* Problem requirements *
In the data below, the copy begins at the line containing "This 2002 Hermes" and runs through the last line; repeat those lines exactly, minus the pictures.

* Given material *
=====
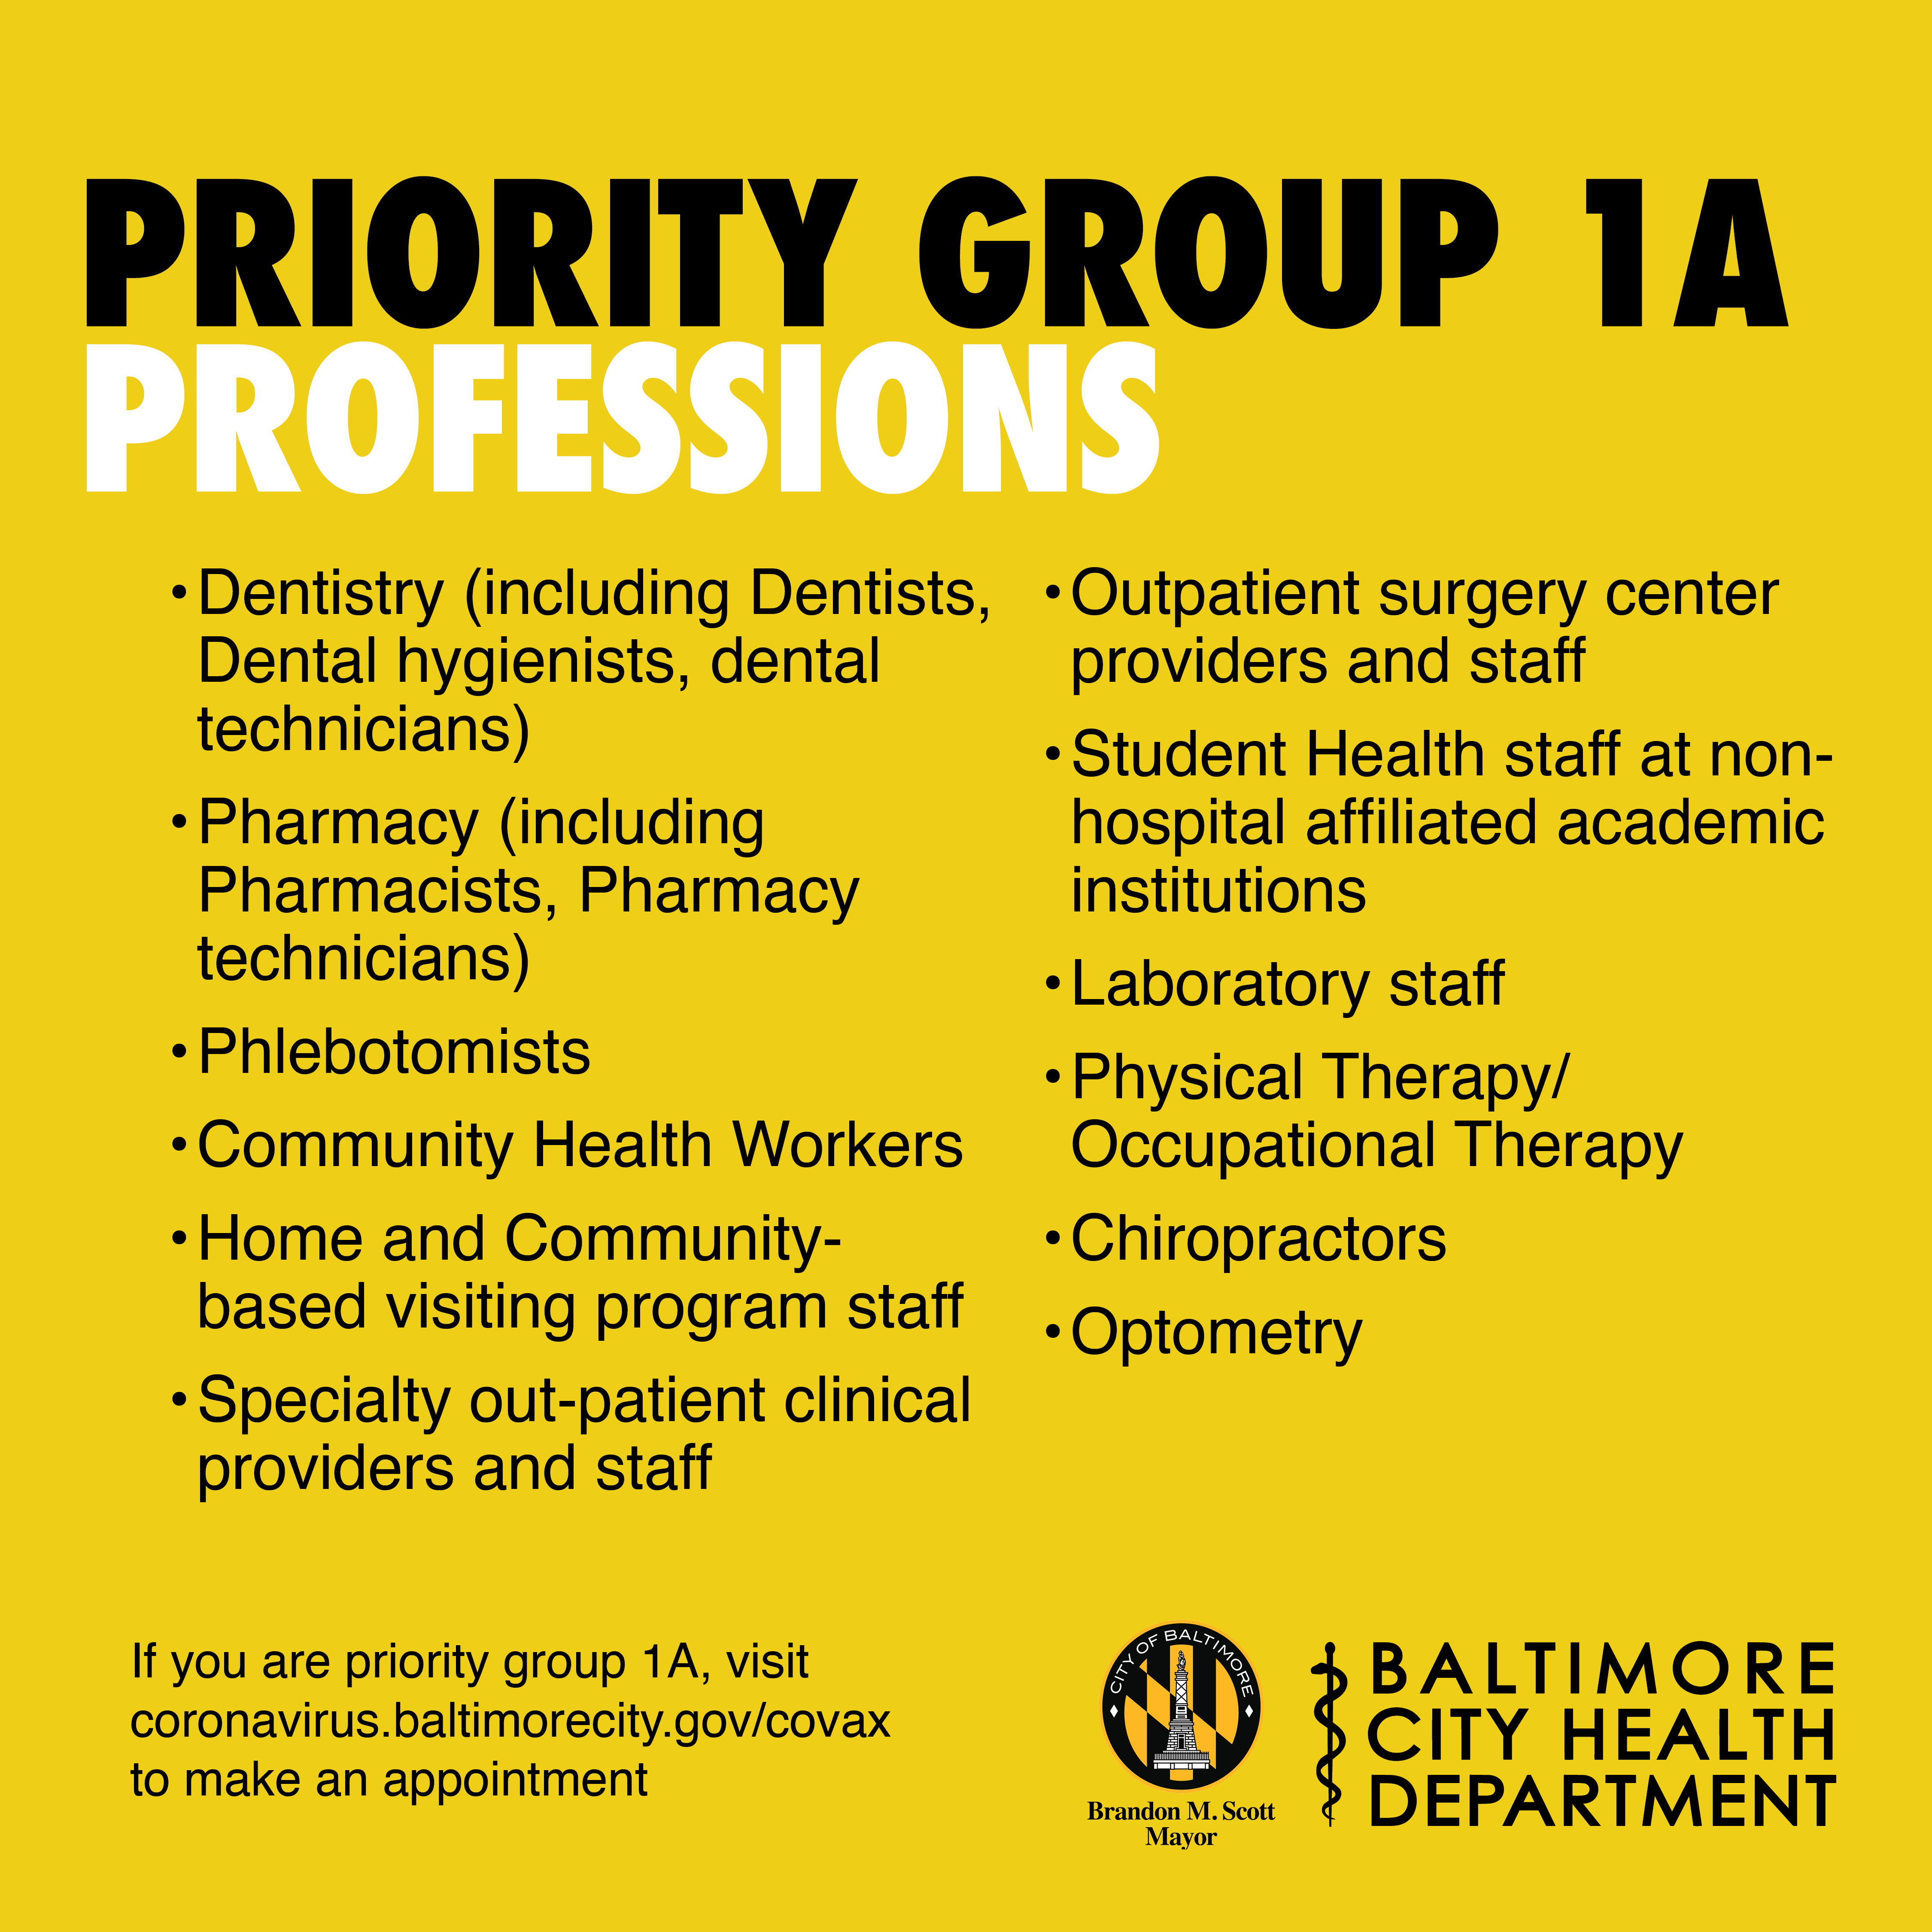 Image is text on yellow background. Text reads Prioirty Group 1A professions, Dentistry (including Dentists, Dental hygienists, dental technicians) Pharmacy (including Pharmacists, Pharmacy technicians) Phlebotomists Community Health Workers Home and Comm
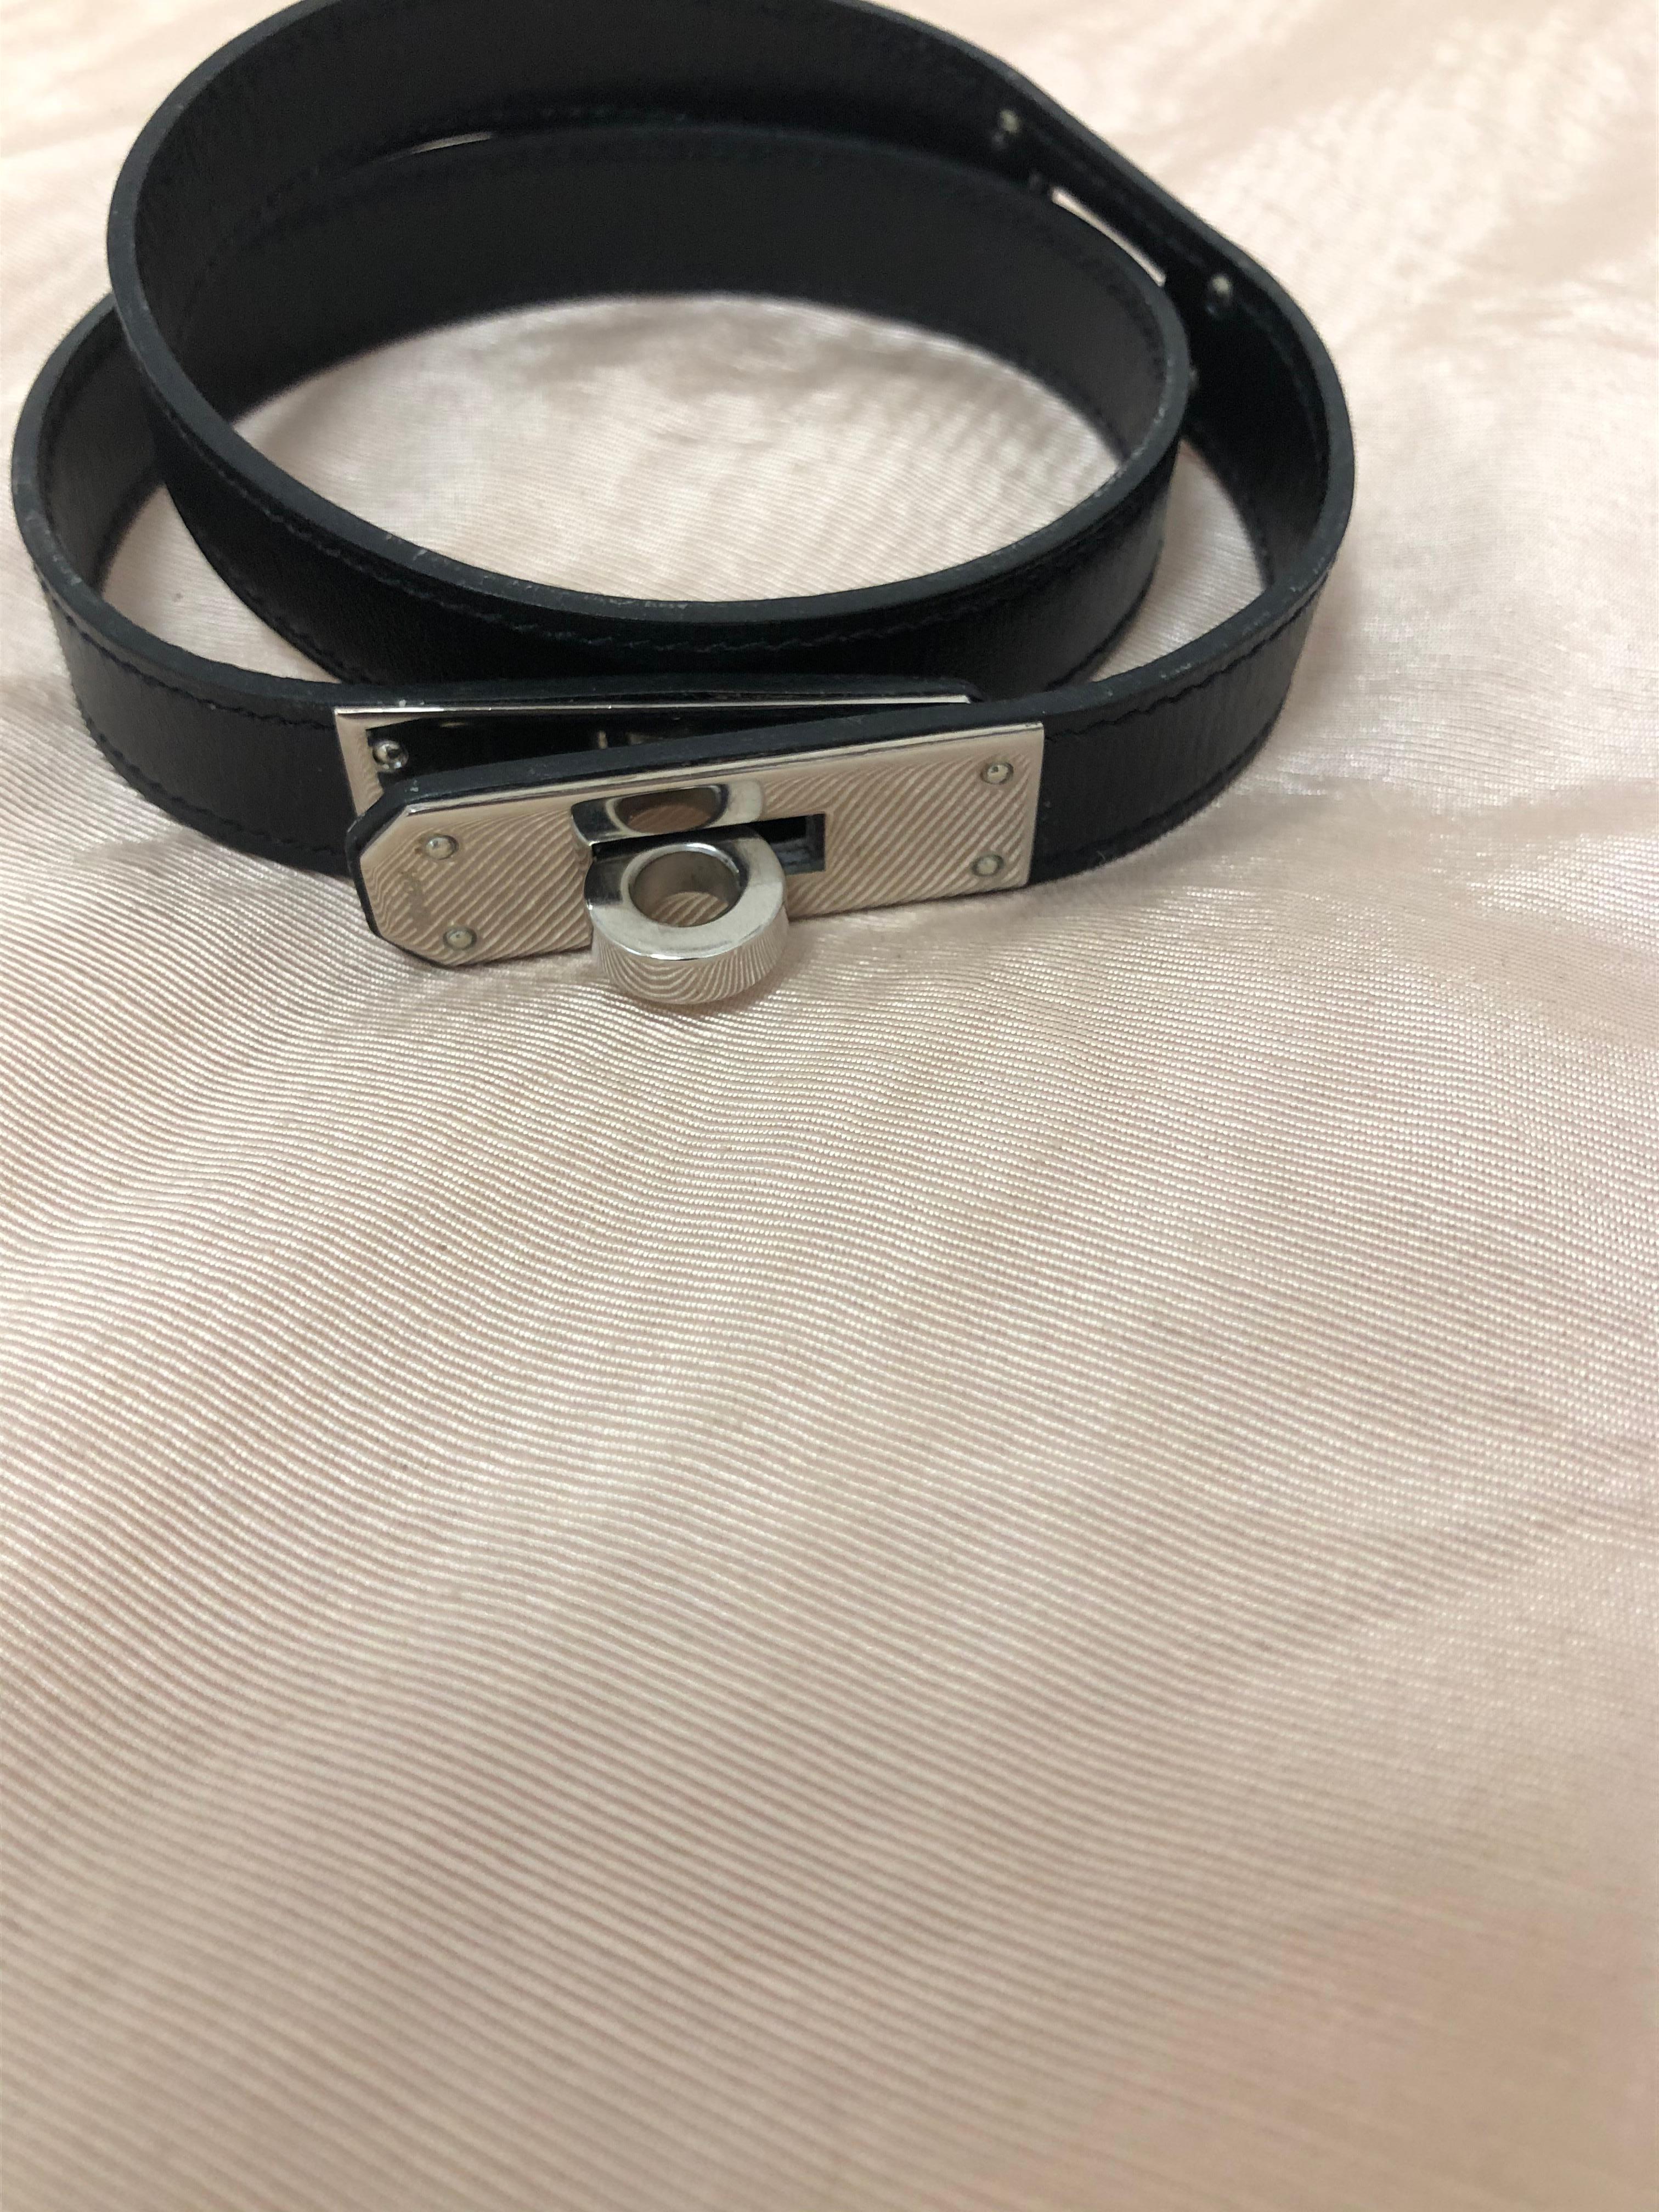 This 2002 Hermes Kelly Choker can double up as double or triple wrap bracelet depending on the size of your wrist. It is a choker or bracelet that can be worn every day.

Measurements are as follows: width .70
=====
* Finished exercise *
 This 2002 Hermes Kelly Choker can double up as double or triple wrap bracelet depending on the size of your wrist. It is a choker or bracelet that can be worn every day.

Measurements are as follows: width .70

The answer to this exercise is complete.